The Shins have come a long way since changing your life with an acoustic guitar and some tinny drums, a fact that’s quickly driven into one’s skull in the first half of
Heartworms. Running the gamut from space-age chamber pop to Broken Bells-esque psychedelia to relaxed alt-country, the group’s first record since 2012’s
Port of Morrow and fifth overall is their most expansive record yet. It’s the sound of a band confident in their ability to stretch the limits of a well-worn sound and an expensive studio, content to indulge every little gee-whiz effect and track upon multilayered track. As the elder statesman of indie pop, James Mercer has earned his right to wiggle his toes in previously undisturbed waters, but too often on
Heartworms he sounds less like a genius gracefully growing old and more like Wayne Coyne in full mid-life crisis mode. It’s difficult to see the Mercer who made a song like “Saint Simon,” a carefully constructed clockwork of pop composition, allowing something like the cluttered, clattering “Painting a Hole” out of the recording room. The muscular songwriting that defines a Shins song is gussied up with so many effects and unnecessary technical claptrap here that the indelible hook driving a single like “Dead Alive” collapses instead of propelling forward, the victim of more synths, more ghostly harmonies, more carnival keys, more
more.
Frankly, Mercer’s unfiltered production makes
Heartworms an exhausting listen. Maybe it’s because the Shins have a relatively small discography, despite having been around seemingly forever, that every new release sounds like a jarring readjustment to what’s come before. Or perhaps it’s the failure of anybody to say “no” in the studio. Mercer produced every song here except late highlight “So Now What,” a standout likely because its relatively restrained production finally allows a stirring anthem to breathe and because it has been floating around since it was featured on a 2014 Zach Braff (who else?) soundtrack and consequently feels divorced from everything else. Mercer’s everything-and-the-kitchen-sink ethos is exacerbated by the track listing, which places a murderer’s row of offenders – the incoherent “Painting a Hole,” the self-consciously weird “Cherry Hearts,” the overstuffed if well-intentioned “Name for You” – at the beginning. “Fantasy Islands,” a similarly widescreen epic, is more tolerable, if only because its instrumental forays feel earned and its heartbreaking lyrics seem authentic rather than canned.

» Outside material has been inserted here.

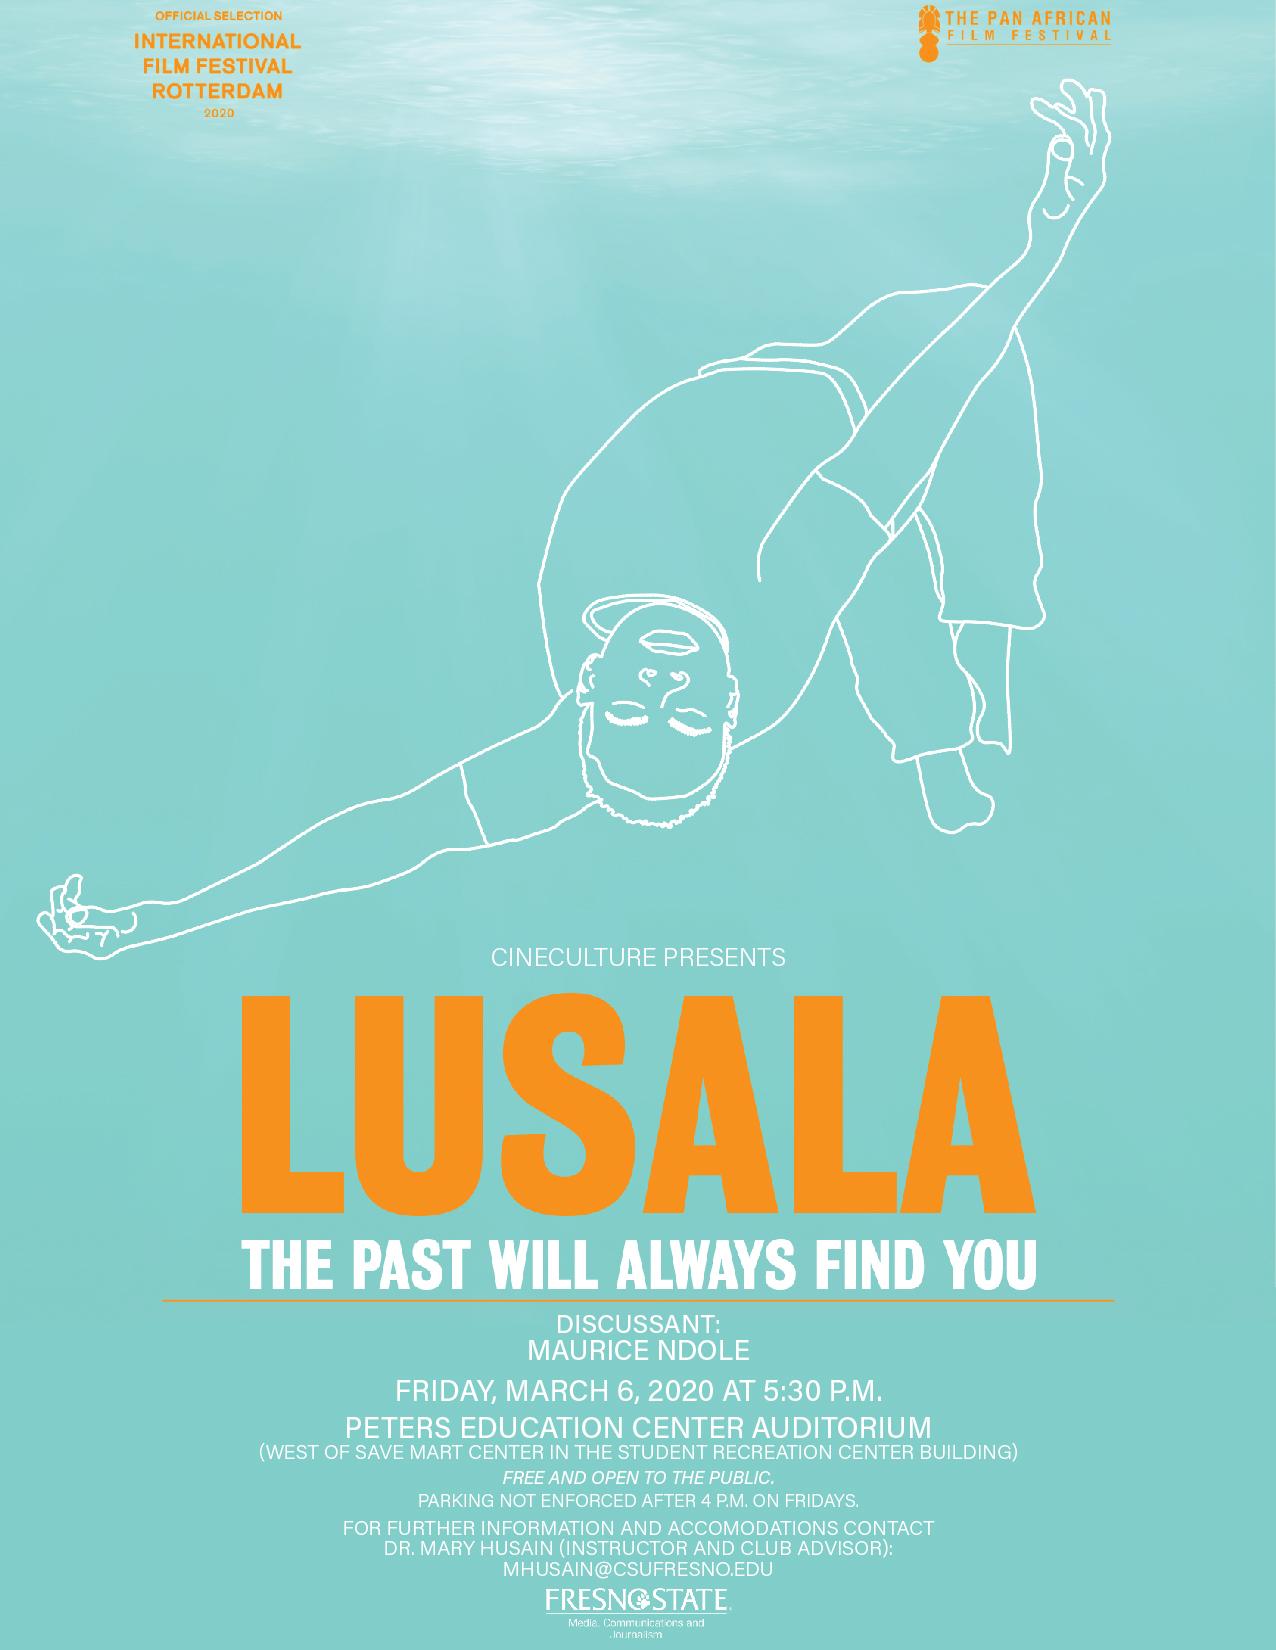 lusala_cc2020_web-01

That tendency to dip into cliché is at fault here too; where the subdued Americana of “Mildenhall” starts by painting a refreshingly honest portrait of Mercer’s teenage years overseas as a military brat, it settles on one too many trite turns of phrase. “Name for You,” a paean to Mercer’s daughters, is the kind of progressive potshot at the patriarchy that almost makes up for the crowded production, but it’s a red herring for the rest of
Heartworms. Instead, Mercer is content to hew close to his most experienced subjects, lamely lamenting unrequited love in the title track and tackling obsession in the winking “Rubber Ballz.” “I take the drugs but the drugs won’t take,” he sings in the bouncy new wave of “Half a Million,” a turn of phrase that feels written more for its cleverness than for any particular import, like too many here. One of the best songs, closer “The Fear,” is perhaps the only one that successfully straddles the line between the flowery production and Mercer’s more introspective lyrics. It’s overwrought, certainly, but whether it’s the almost funereal pace, the soothing, warm melody, or Mercer’s narrative of anxiety problems, the combination is something of a perfect alchemy, the apex of the album’s desire to stretch the Shins further than anything they’ve done before. Sadly, it comes too late to make
Heartworms any more than a brightly colored mess.